Check this (NYSEARCA:JNK) junk-bond Canary which has an excellent record in forecasting market trends. Now, despite the recent zigzag volatility in this game, this little bird just keeps chirping a bullish tune. It's MA lines remain in a solidly bullish configuration while its MACD momentum index along with the RSI strength indicator manage to stay in their respective bullish territories.

Add to this that the XLP-XLY Achilles-Heel of a market's trend remains solid in a down-draft. Being a contrarian indicator, it means that for as long as this XLP-XLY index goes down, the internals of the market remain poised to rally.

Question is, will the combination of a bullish Canary and a bearish Achilles-Heel of the market be enough to ignite a sustainable rally?
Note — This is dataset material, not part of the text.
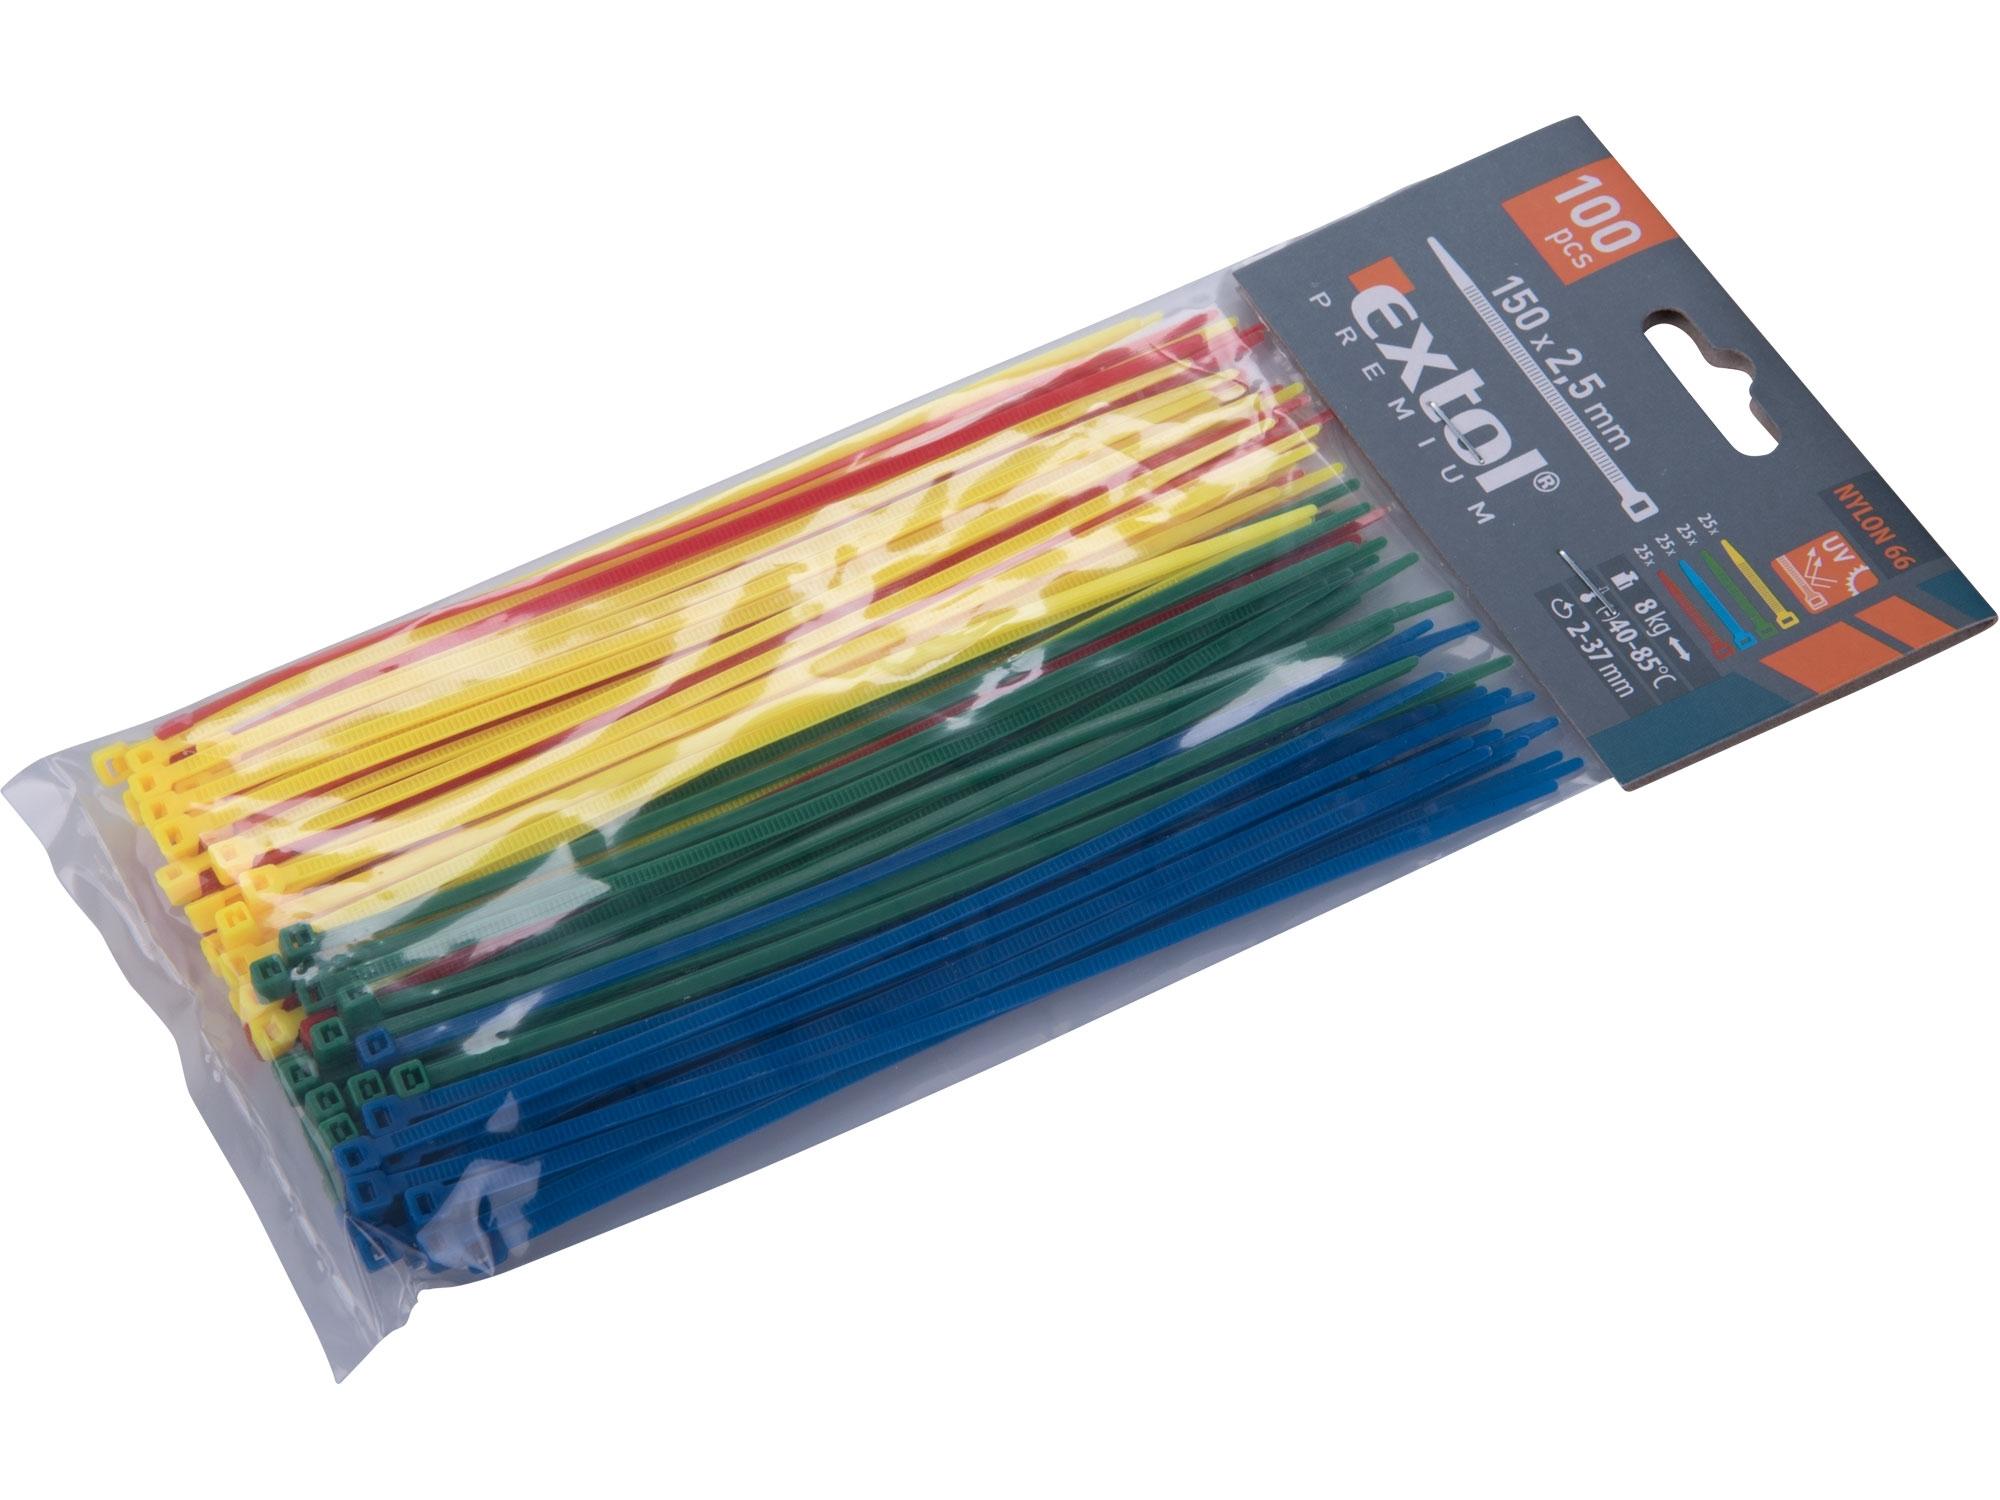 pásky stahovací barevné, 150x2,5mm, 100ks, (4x25ks), 4 barvy, nylon, EXTOL PREMIUM 8856194

As the Bulls have it, you can bet the farm on it.

But for now it's best to stand aside to wait and see what the market has in store after the election.

Here are some favored leveraged Bear ETFs to be used when the market is trending down:

Short Nat GAs 2x (NYSEARCA:KOLD), Short Gold 2x (NYSEARCA:DZZ), Gold Miners Bear 3x (NYSEARCA:DUST), Short Silver 3x (NASDAQ:DSLV), Short OIl 2x (NYSEARCA:DTO), Short Materials 2x (NYSEARCA:SMN), Short Oil & Gas 2x (NYSEARCA:DUG), Short S&P 500 2x (NYSEARCA:SDS), Short DOW 30 3x (NYSEARCA:SDOW), Short Mid Cap 400 3x (NYSEARCA:SMDD), Energy Bear 3x (NYSEARCA:ERY), Semis Bear 3x (NYSEARCA:SOXS), Short NASDAQ 100 3X (NASDAQ:SQQQ).

Among non-leveraged Shorts:

Short Gold - (NYSEARCA:DGZ), Short DOW 30 - (NYSEARCA:DOG), Short Russell 2000 - (NYSEARCA:RWM), Short S&P 500 - (NYSEARCA:SH), Short Financials - (NYSEARCA:SEF), Short NASDAQ 100 - (PSQ, Active Bear - (NYSEARCA:HDGE).

Some leveraged Bull ETFs in case the market trends higher:

Real Estate Bull 3x (NYSEARCA:DRN), S&P 500 Bull (SPXL), Long DOW 30,3x (NYSEARCA:UDOW), Long S&P 500 2x (NYSEARCA:SSO), Russell 2000 3x (NYSEARCA:URTY), Long Financials 2x (NYSEARCA:UYG), Small Cap Bull 3x (NYSEARCA:UMDD), Long DOW 30, 2x (NYSEARCA:DDM), Long Russell 2000 2x (NYSEARCA:UWM), Semis Bull 3x (NYSEARCA:SOXL).

Non leveraged Long ETFs:

Long Home Construction - (NYSEARCA:ITB), Long Home Builders - (NYSEARCA:XHB), Long Pharmaceuticals - (NYSEARCA:PJP), Long Consumers - (LYC), Long Retail - (NYSEARCA:RTH), Long Health Care (NYSEARCA:IYH), long Consumer Discretionary - (NYSEARCA:XLY). Long Large Caps - (NYSEARCA:SPYG).


Disclosure: I have no positions in any stocks mentioned, and no plans to initiate any positions within the next 72 hours.